Put a key logger on her computer if you have access to it and if you think it will go unnoticed at her work.

Get her underwear and send it off for semen/DNA testing to a lab.

Do not confront even if you do find something. Come back here for advice on how to proceed after that.


Get going on this so as to arrive at a certain peace of mind sooner rather than later with regard to wondering if its all in your head. The chances are, based on what you have said, this marriage is over - one way or another and you need to start preparing for that anyway. The more prepared you are, the better off you will be.

Take care.


----------



## SlowlyGoingCrazy (Jun 2, 2011)

jld said:


> Why? He already knows he does not trust her.
> 
> I do not agree with all this advice to spy and snoop. If you do not trust, just move on already.


I agree, it sounds like he's wanting to move on anyway. He wants a woman who has spontaneous desire, who shows more that she wants him. 
But if she's having an affair he can be the good guy and have a good reason to leave. 

I generally agree with doing quick snooping- phones, computers to see if there is anything wonky as long as it stops there.

I draw the line at inspecting panties, VARs, PIs and whatnot. If it's gone that far it is over anyway. Just leave. 
Either she is having an affair and it's over 
or 
She isn't and she'll never respect or want anything to do with a man who would act that way. Kiss any chance of a sex life good bye, any chance of coming back to a normal, healthy marriage. It's over


----------



## jld (Dec 1, 2013)

SlowlyGoingCrazy said:


> I agree, it sounds like he's wanting to move on anyway. He wants a woman who has spontaneous desire, who shows more that she wants him.
> *But if she's having an affair he can be the good guy and have a good reason to leave. *


So this is about image control? 



> I generally agree with doing quick snooping- phones, computers to see if there is anything wonky as long as it stops there.
> 
> I draw the line at inspecting panties, VARs, PIs and whatnot. If it's gone that far it is over anyway. Just leave.
> Either she is having an affair and it's over
> ...


Would definitely advise anyone (okay almost anyone) who is spied on to leave. Huge red flag.


----------



## MenMarsWomenVenus (Nov 16, 2015)

I have another idea for gathering evidence. I am suspicious my wife is using Viber to contact this guy because I have seen it a couple of years ago on her phone and when I checked her applications one morning while she was making breakfast I found Viber right there in the purchased section.

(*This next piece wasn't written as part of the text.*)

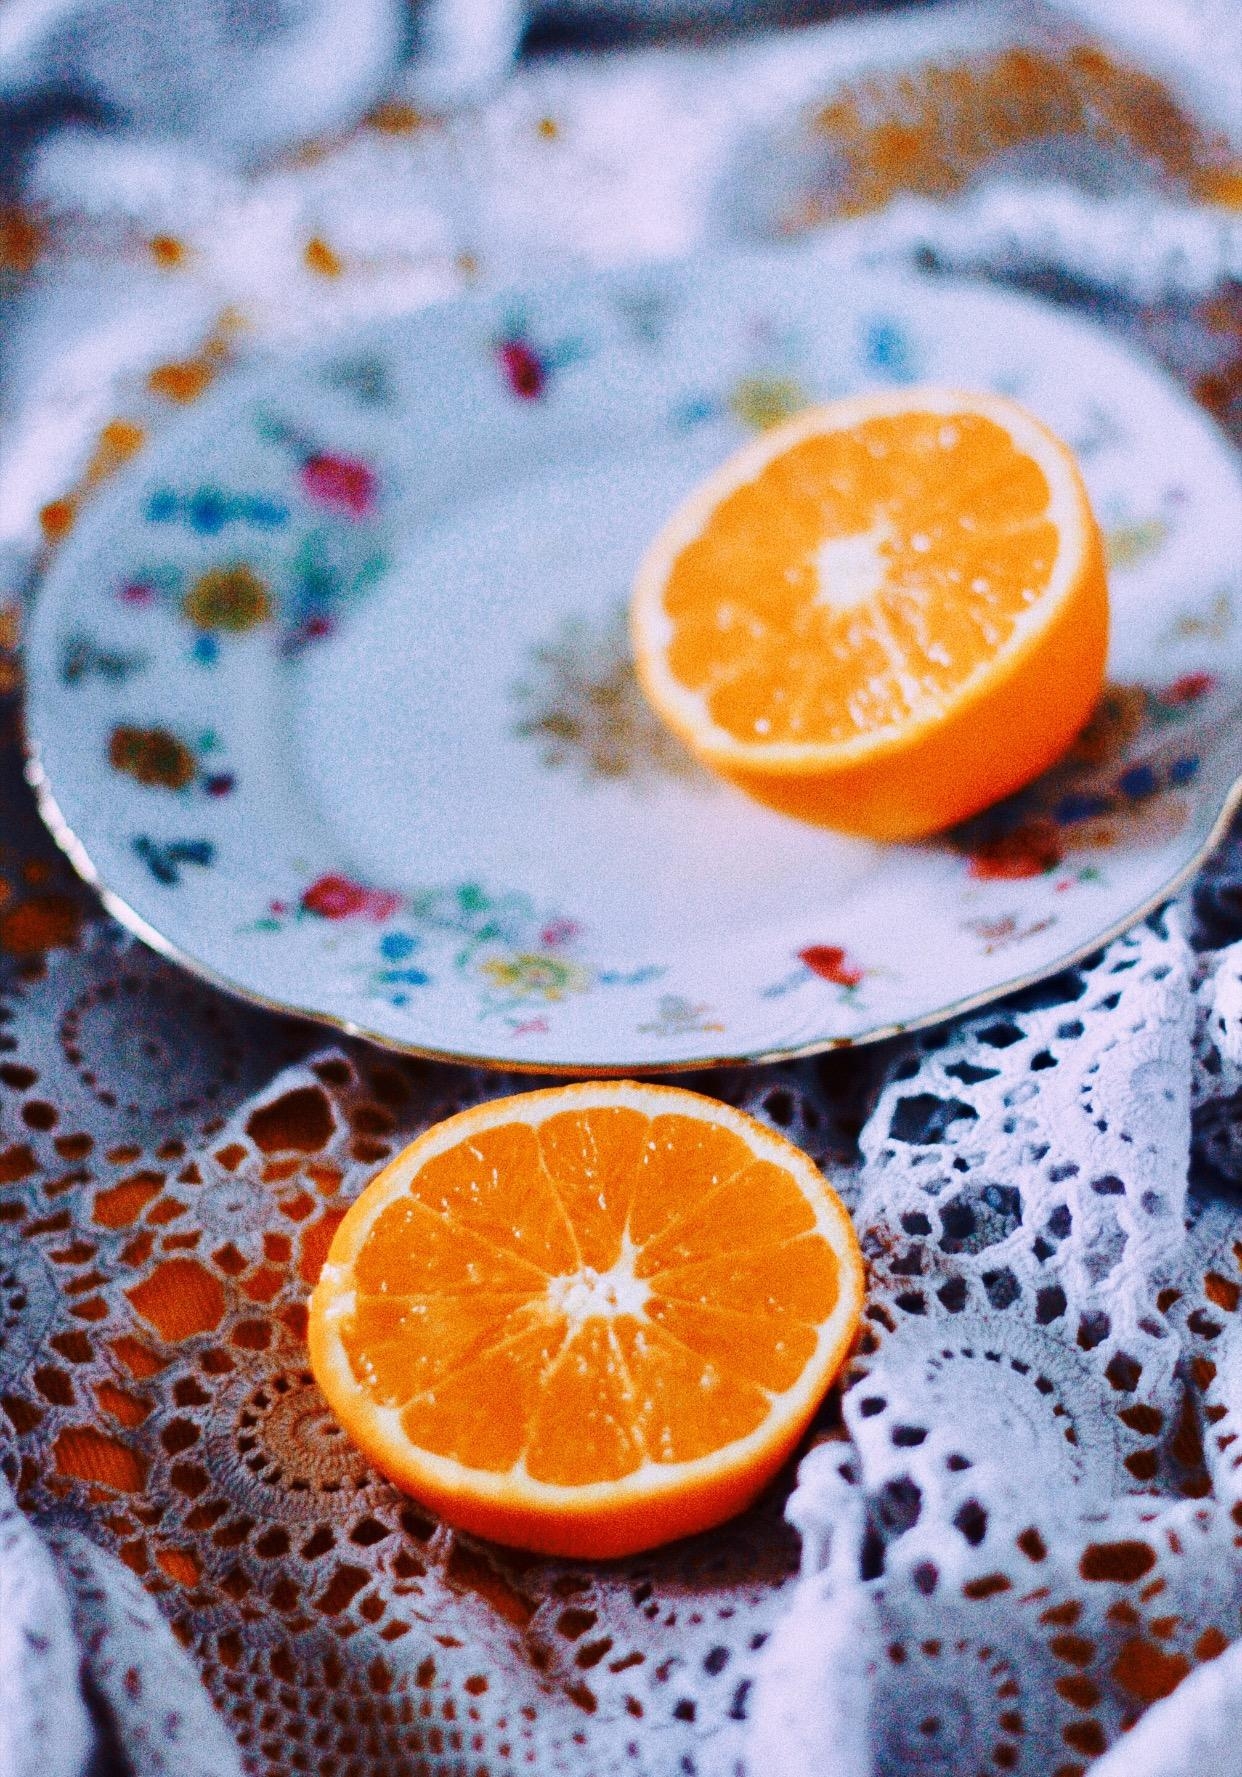 🍊
#obst#orangen#farbe#couchliebt#couchstyle#vintage#teller

I'm surprised she even knows what it is as she hardly uses anything like that no what's app or anything just text.

So tonight I downloaded Viber and it says "Allow phone book access to sync with contacts" so... Presuming there is no privacy feature if I agree she will show up as a user who uses Viber but then at the same time that blows my cover and shows her I know.

Maybe I will get a second phone to do this? Then if I add her from a random number she has no idea who it is and I can see if she is active on there. I don't know her username or password but I am pretty sure that's what she's using to communicate with him.


----------



## SlowlyGoingCrazy (Jun 2, 2011)

jld said:


> So this is about image control?
> 
> 
> 
> Would definitely advise anyone (okay almost anyone) who is spied on to leave. Huge red flag.


I think image/ego is a big part of it, it ties in with the victim role, they get to have no fault. Even if they stay, they get to spend the rest of the marriage superior and a victim.
Not just men either, women can find comfort in this victim role as well.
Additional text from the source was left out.